Going to Class Obedience Training Schools

Having taught obedience classes for 30 years, we're naturally biased in favor of this choice. A basic class usually addresses your most immediate concerns, such as not pulling on the leash, the Sit and Down-Stay, and Come.

The purpose of the class is to show you what to do, have you try it a few times to make sure you've got it right, and then send you home to practice. Be prepared to practice at least five times a week. Most classes are sequential in nature. If you miss a class, you'll fall behind and may have a hard time catching up. Falling behind is discouraging and may cause you to drop out. When you go to a class, don't expect the instructor to train your dog. That isn't her job.

We think taking Buddy to school is perhaps one of the best things you can do for you both. It gets you out of the house into an atmosphere where you can spend quality time together. Both of you have fun while learning useful things that make living together that much easier. Obedience classes are conducted in almost every community and are an excellent way for you and Buddy to learn together.

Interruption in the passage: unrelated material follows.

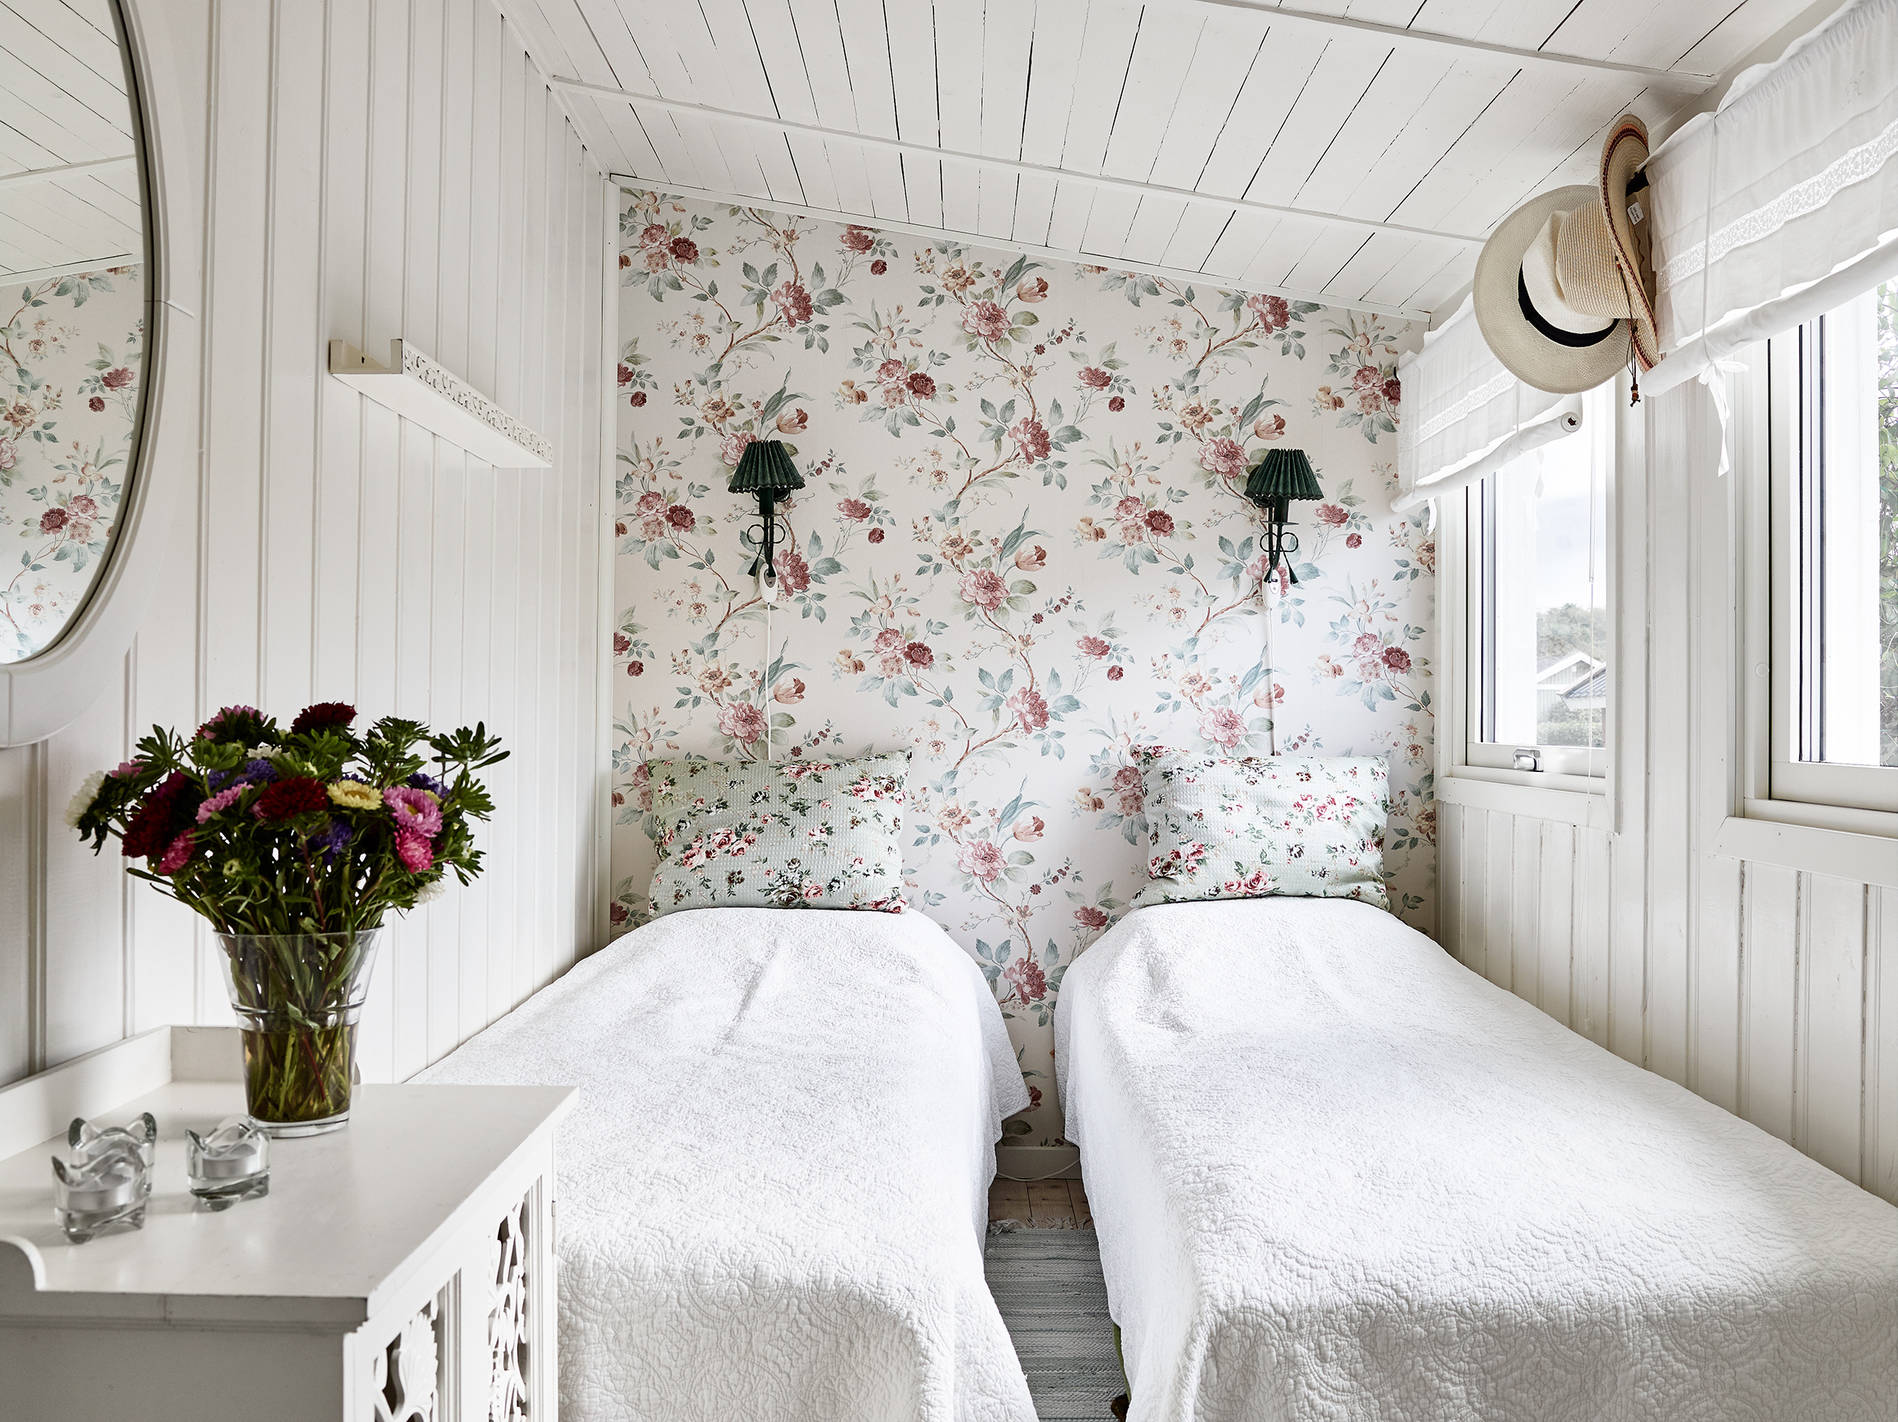 delikatissen pequeña cabaña madera papel de pared Motivos florales decoración flores y plantas decoración estilo sueco decoración femenina decoración exterior blog decoración nórdica

Until quite recently, obedience or kennel clubs conducted the majority of classes. Today, however, schools or private individuals teach many classes. The difference has nothing to do with the quality of the training, but relates solely to profit motive. Clubs are nonprofit organizations and the instructors, usually members who have trained and shown their own dog, generally volunteer their services. Training schools and individuals who hang out their shingles are for-profit organizations.

To train for participating in performance events, join an organization that offers training for that goal. The organization's instructors can coach you and your dog in the intricacies of the various requirements.

Choosing a good training class

To locate a class, look in the phonebook under a heading such as "Pet & Dog Training" to find out what your community offers. Chances are you'll have several choices.

Call one of the organizations listed to find out where and when the class meets. Ask whether you can observe a beginner class. If you aren't allowed to observe a class, which would be highly unusual, forget that organization. When you find one where you can observe a class, do so, but leave Buddy at home so that he doesn't interfere with the class and you aren't distracted.

Here are a few questions you need to ask yourself about the class you're observing:

1 What is your first impression of the class? You're looking for a friendly, pleasant, and positive atmosphere.

1 Do the dogs seem to have a good time? You can quickly tell if the dogs are enjoying themselves or if they'd rather be at home biting their favorite bone.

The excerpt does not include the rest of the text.